Rolling Resistance and Tire Pressure


Skinny high pressure tubulars may not be the fastest tires you can use. The latest RoadBikeRider newsletter has some interesting info on tire pressure and rolling resistance.

We heard the buzz about a surprising new tire test in Bicycle Quarterly, a nifty magazine published in Seattle and edited by Jan Heine. The name was Vintage Bicycle Quarterly until recently, but “vintage” has been axed because it implied the mag was about old, collectible bikes and equipment.

Well, plenty of pages are devoted to arcane and interesting gear, history and randonneur-style riding, but Bicycle Quarterly also publishes cutting-edge material. The tire test is testimony, appearing in the Autumn 2006 issue.

Heine gave RBR permission to summarize several major findings. Interestingly, they confirm lots of what Uncle Al has been ranting about for years regarding tire width and inflation pressure.

Some test conclusions will be particularly enlightening if you’re riding on narrow, high-pressure clinchers seeking more speed via lower rolling resistance. Your skinny tires may not be as fast as you think.

For the full eight-page report on tire performance, order the Vol. 5 No. 1 issue from The test included nine 700C tires, seven 650B tires and two tubulars. The protocol and results were reviewed by industry experts. These are eight findings:

—With roughly the same power output, the rider’s speed can vary by as much as 20% depending on tire choice. For example, the rider on the fastest tire [in this roll-down test] moved down the road at approximately 16.4 mph (26.2 kph) while the same rider on the slowest tire went approximately 13.6 mph (21.7 kph).

—Many longtime riders believe tires with a cotton casing are faster than modern casings made from nylon. Testing seems to confirm this. The best-performing tire in the test, the Deda Tre Giro d’Italia 700x23C (actual width 24.5 mm), has a cotton casing.

—Tire pressure has only a small effect on the rolling resistance of most tires. Narrow 23-mm tires seem to roll fastest at pressures of 105 psi (7.2 bar) or more. However, running these tires at 85 psi (5.8 bar) for improved comfort increased the test times only 2%. Wider 28-mm tires are as fast at 85 psi as they are at higher pressures.

—Tubular tires perform worse at very high pressure. At 130 psi (9 bar), the narrow Clement Criterium rolled slower than it did at a more comfortable 105 psi. The wider Clement Campione del Mundo rolled slightly faster at 85 psi than at 105 psi.

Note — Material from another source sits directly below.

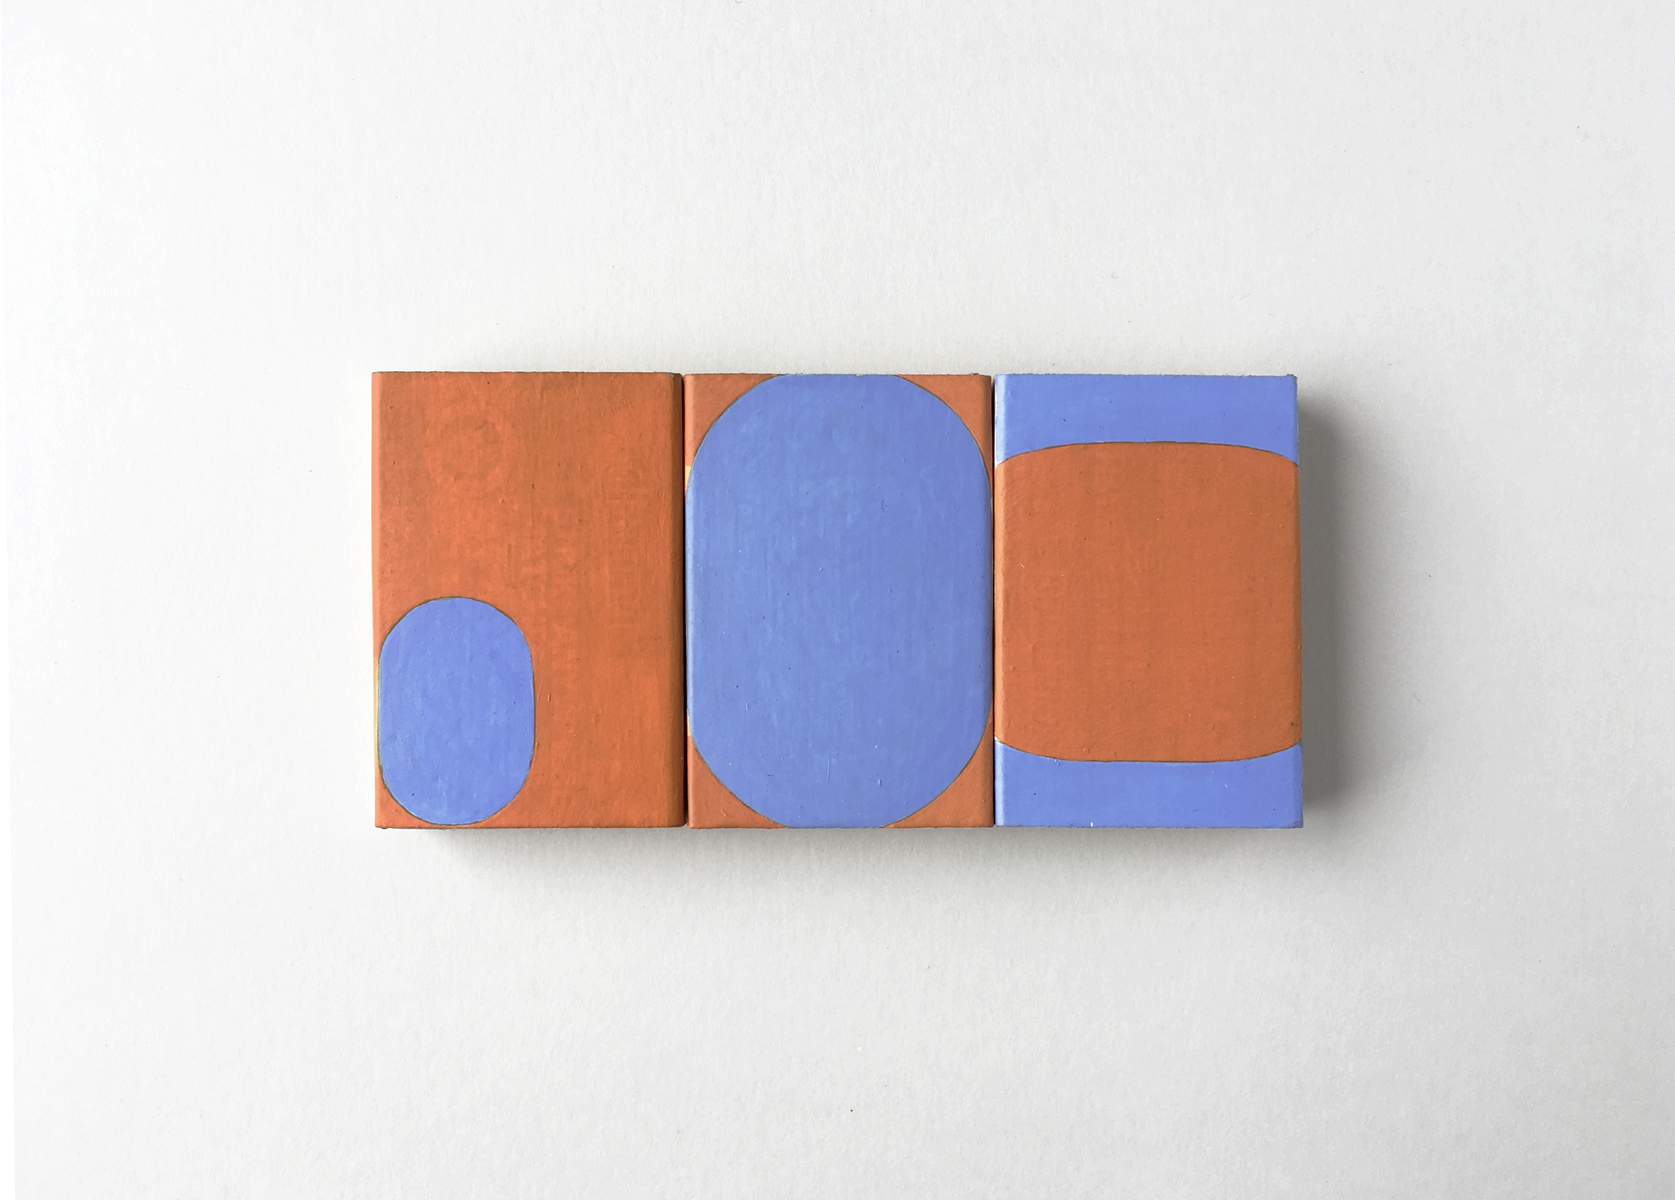 Three small matchboxes in a row with blue and orange ovals painted on them.
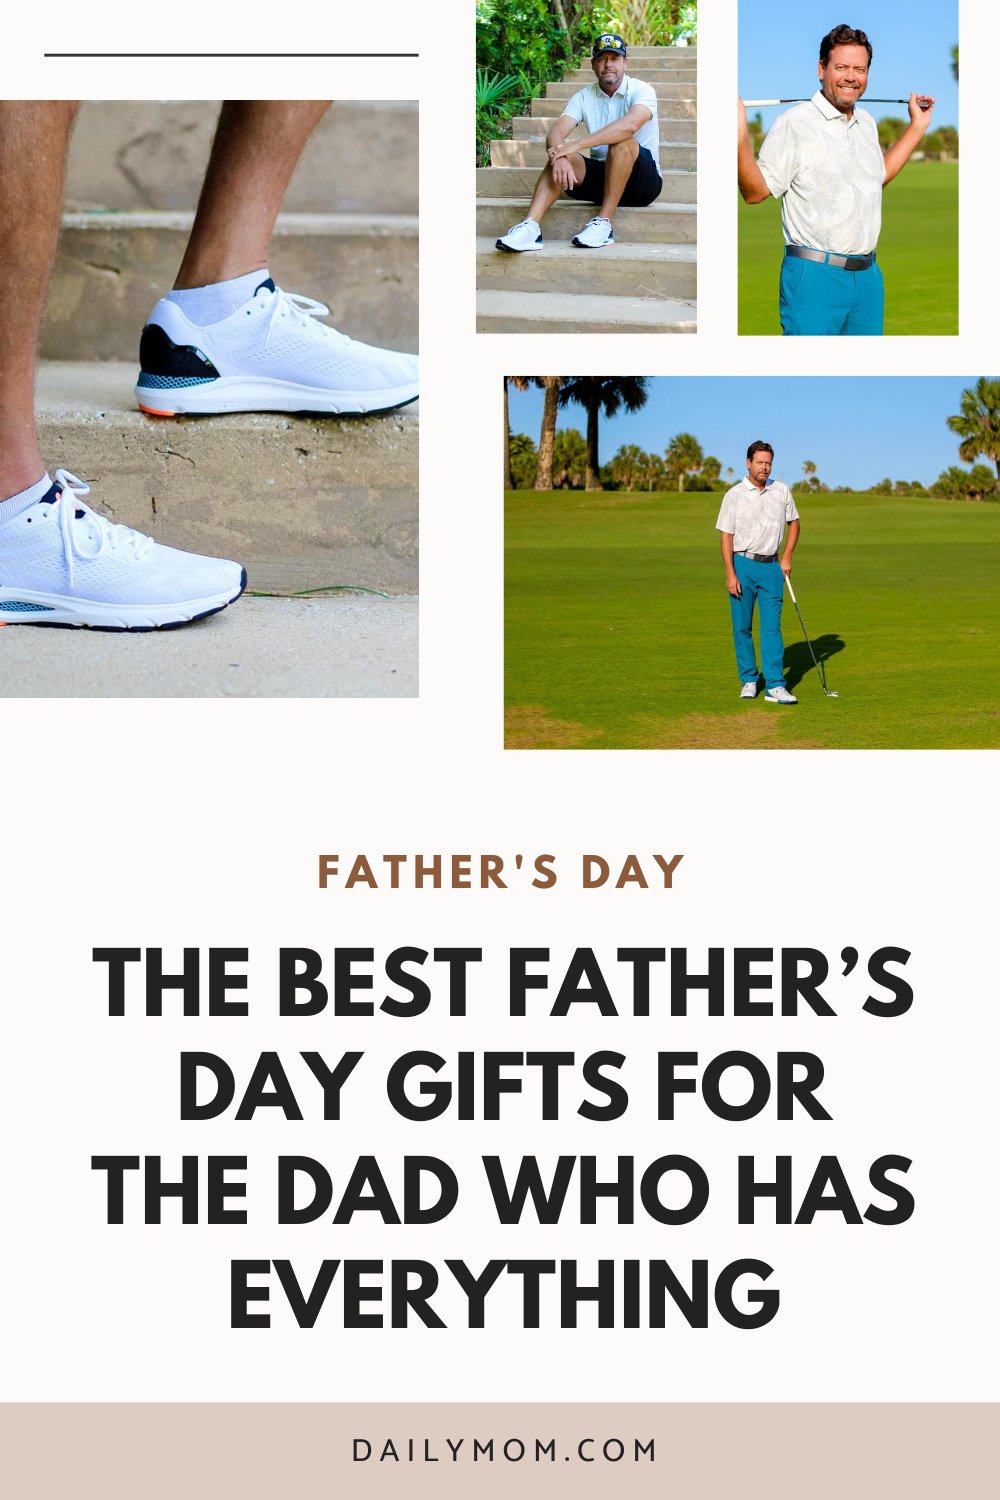 19 Of The Best Father's Day Gifts For The Dad Who Has Everything

—Wide tires do not roll slower at lower pressures. In fact, testing indicated that a wide tire at lower pressures rolls faster than a narrow tire at high pressures, if all other factors remain the same. Even narrow tires can be ridden at comfortable pressures with only very small concessions to performance.

—Tires rolled slightly slower with Michelin’s relatively thick latex tubes than with butyl tubes. Thinner latex tubes, like used in tubular tires, may offer better performance, but when used in clinchers they are more prone to punctures caused by friction between tire and tube. Latex tubes do improve comfort.

—Perhaps the most important result of the test is that tire pressure does not significantly affect rolling resistance. Wide tires in particular do not need high pressures to roll fast. But because many current wide tires are designed to handle high pressure, they have strong casings that lack suppleness. This results in higher rolling resistance than necessary.

—The test’s findings point to a new direction for performance bicycles. For most cyclists, wide, supple tires at low pressures offer more speed, better comfort, increased versatility and improved safety than today’s narrow high-pressure tires. However, this type of wide, fast tire currently is not available. Hopefully, these test results will help persuade manufacturers to produce them.